Plant fungal disease

Leucostoma canker is a fungal disease that can kill stone fruit (Prunus spp.). The disease is caused by the plant pathogens Leucostoma persoonii and Leucostoma cinctum (teleomorph) and Cytospora leucostoma and Cytospora cincta (anamorphs). The disease can have a variety of signs and symptoms depending on the part of the tree infected. One of the most lethal symptoms of the disease are the Leucostoma cankers. The severity of the Leucostoma cankers is dependent on the part of the plant infected. The fungus infects through injured, dying or dead tissues of the trees. Disease management can consist of cultural management practices such as pruning, late season fertilizers or chemical management through measures such as insect control. Leucostoma canker of stone fruit can cause significant economic losses due to reduced fruit production or disease management practices. It is one of the most important diseases of stone fruit trees all over the world.

==Hosts and symptoms==
The hosts for Leucostoma canker include stone fruits such as cultivated peach, plum, prune, cherry (Prunus spp.), or other wild Prunus spp. It can also be found on apple (Malus domestica). Stone fruits are referred to as drupe, which are fruits containing a seed encased by a hard endocarp, surrounded by a fleshy outer portion.

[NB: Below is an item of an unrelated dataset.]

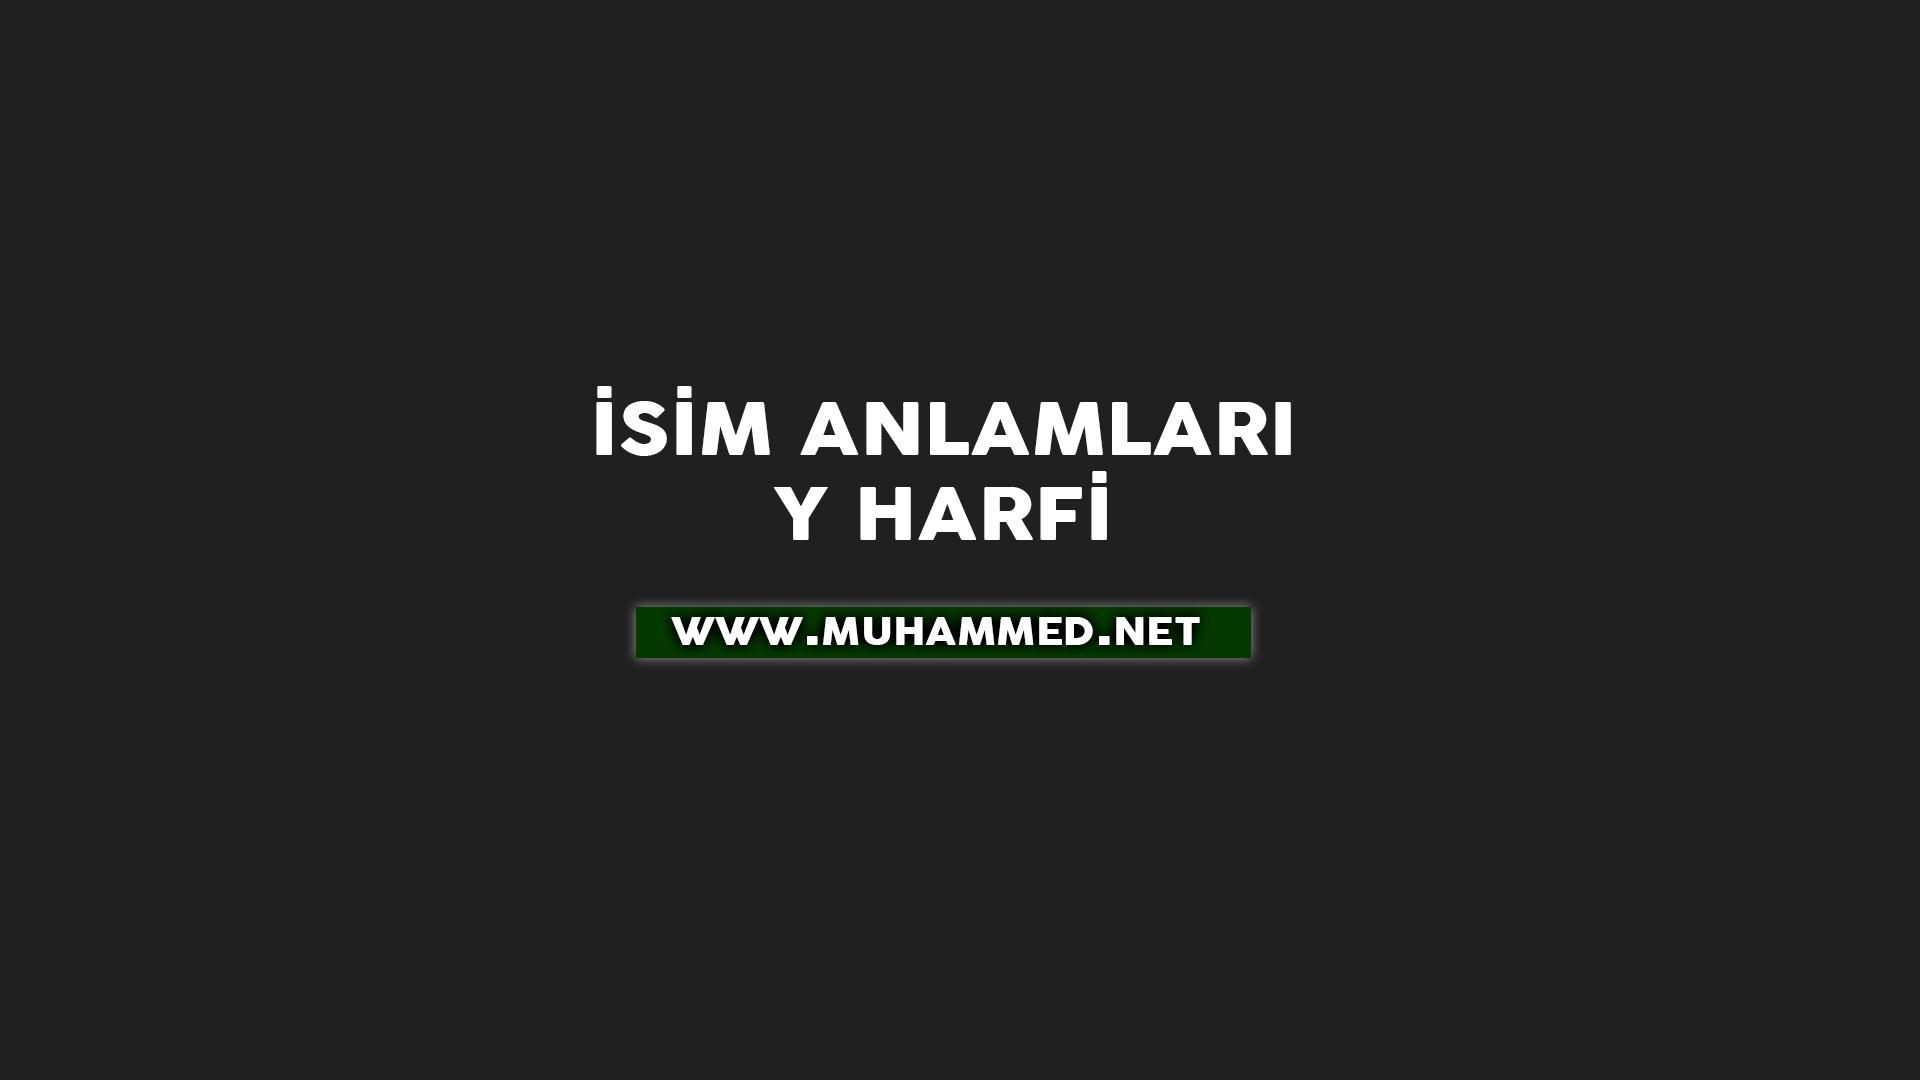 İsim Anlamları - Y Harfi

Leucostoma canker symptoms differ depending on where on the tree infection takes place. Discoloration occurs in sunken patches on infected twigs. Light and dark concentric circles of narcotic tissue characterize this symptom, occurring near buds killed by cold or on leaf scars. Infections on the nodes are seen 2–4 weeks after bud break. As time passes, darkening occurs within diseased tissues, and eventually, amber gum ooze may seep from infected tissue. Nodal infections are particularly vulnerable in one-year-old shoots that develop within the center of the tree. If fungal growth persists without treatment, scaffold limbs and large branches will likely become invaded within a short time frame. Cankers occurring on branches that are the product of such infections will contain dead twigs or twig stubs at the canker's center.

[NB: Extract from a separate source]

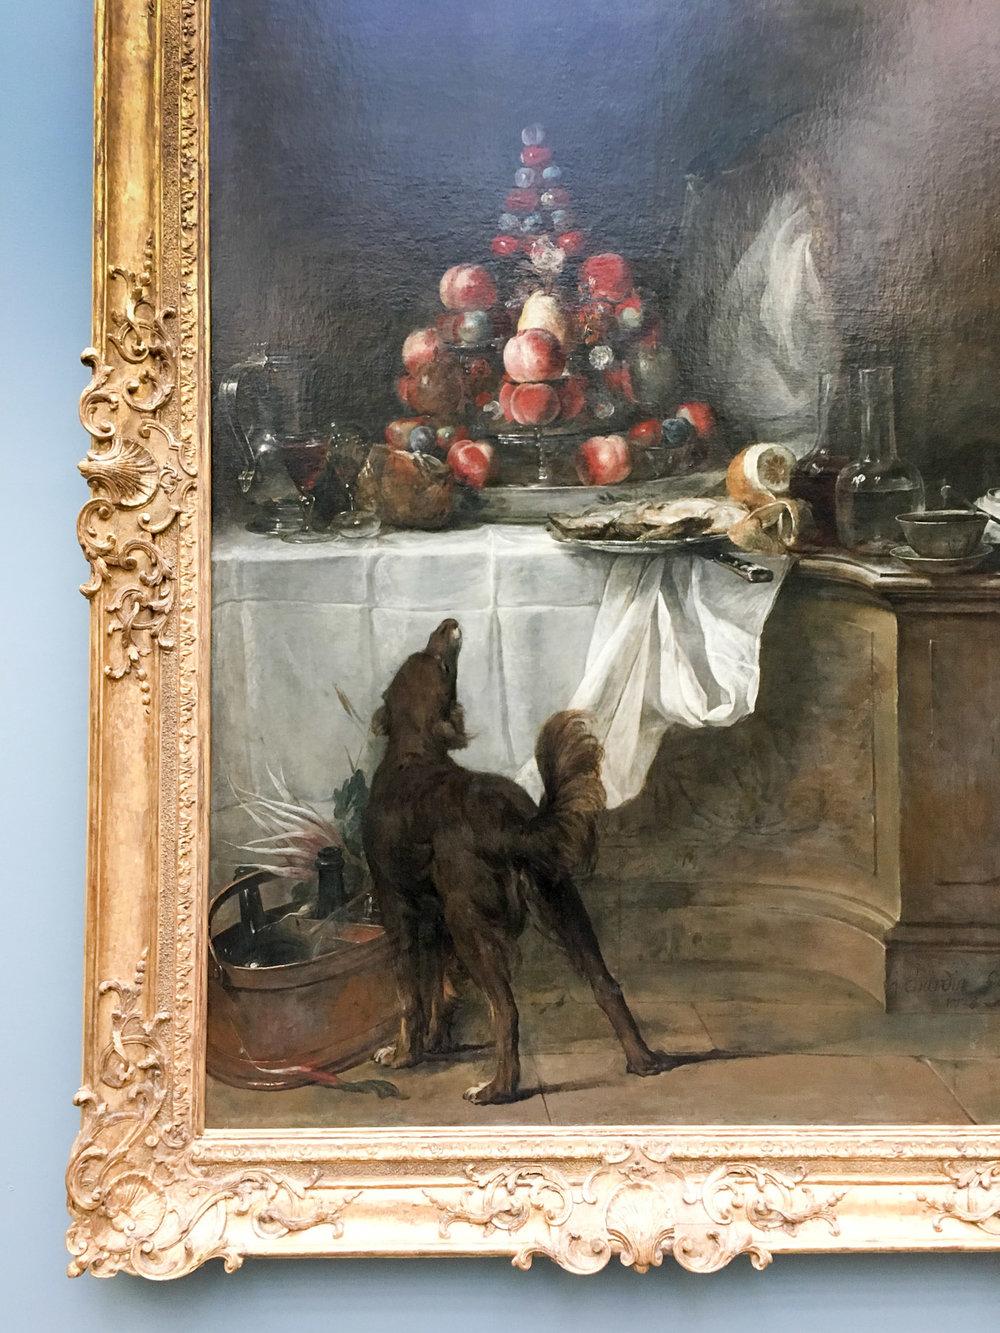 DAP - I like art with dogs - -8544.jpg

The most striking symptom of infection includes cankers located on the main trunk, branch crotches, scaffold limbs, and older branches. A symptom called “flagging” can be found on necrotic scaffold limbs. The cankers are parallel to the long axis of the stem and take on an oval shape. Normally, large-scale production of amber colored gum marks the first external symptom of such cankers. While gum production is the typical plant response to irritation, the gum secretion of Leucostoma occurs in bulk amounts. This gum darkens as time passes, gradually leading to the drying and cracking of bark; thus exposing the blackened tissue below.

As the tree continues to mature in the early growing season, the tree resists additional fungal penetration through the formation of callus rings surrounding the canker. However, the Leucostoma generally reinvades the tissue late in the growing season while the tree switches into dormancy. Due to the alteration of callus production and canker formation, cankers with circular callus rings are usually observed.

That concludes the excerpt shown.